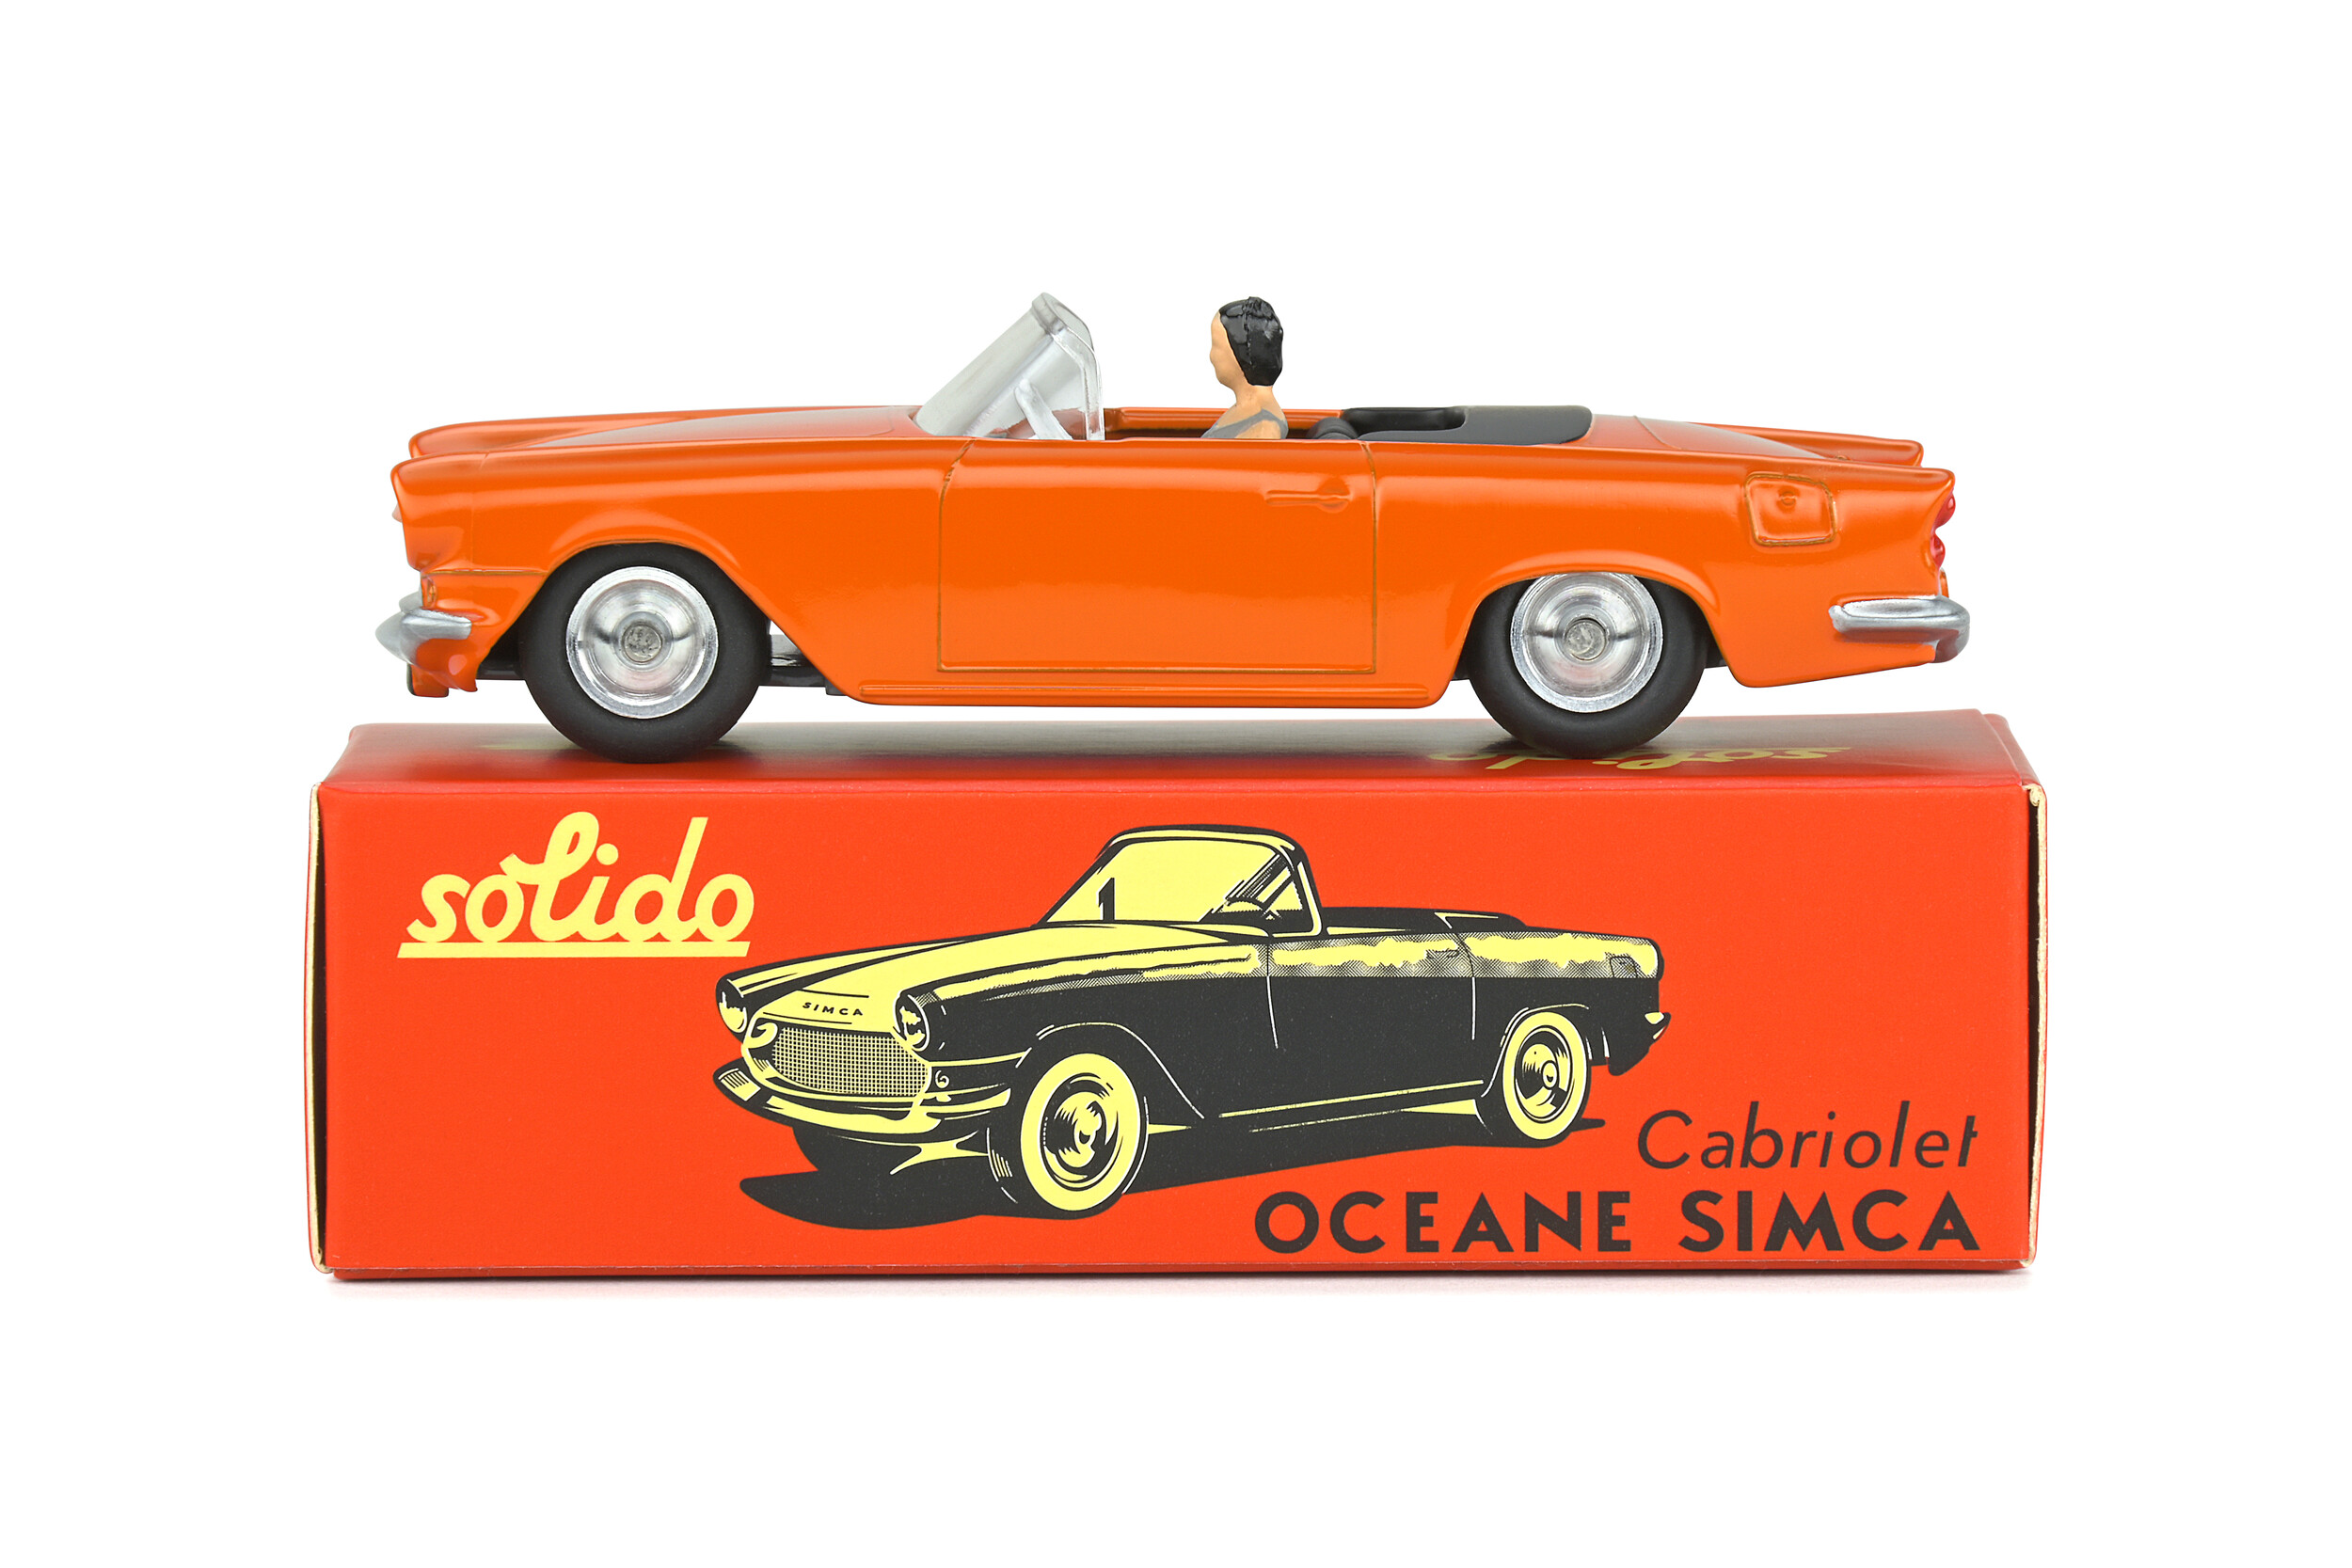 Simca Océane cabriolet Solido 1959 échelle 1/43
_____
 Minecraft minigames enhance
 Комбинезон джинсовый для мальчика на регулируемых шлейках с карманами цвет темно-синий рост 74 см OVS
_____
**Your goal**. Would you please copy, word for word, everything above from the line containing "Minecraft minigames enhance" down to the line containing "Комбинезон джинсовый для", those two lines included?

**Task solution**.
 Minecraft minigames enhance
 Комбинезон джинсовый для мальчика на регулируемых шлейках с карманами цвет темно-синий рост 74 см OVS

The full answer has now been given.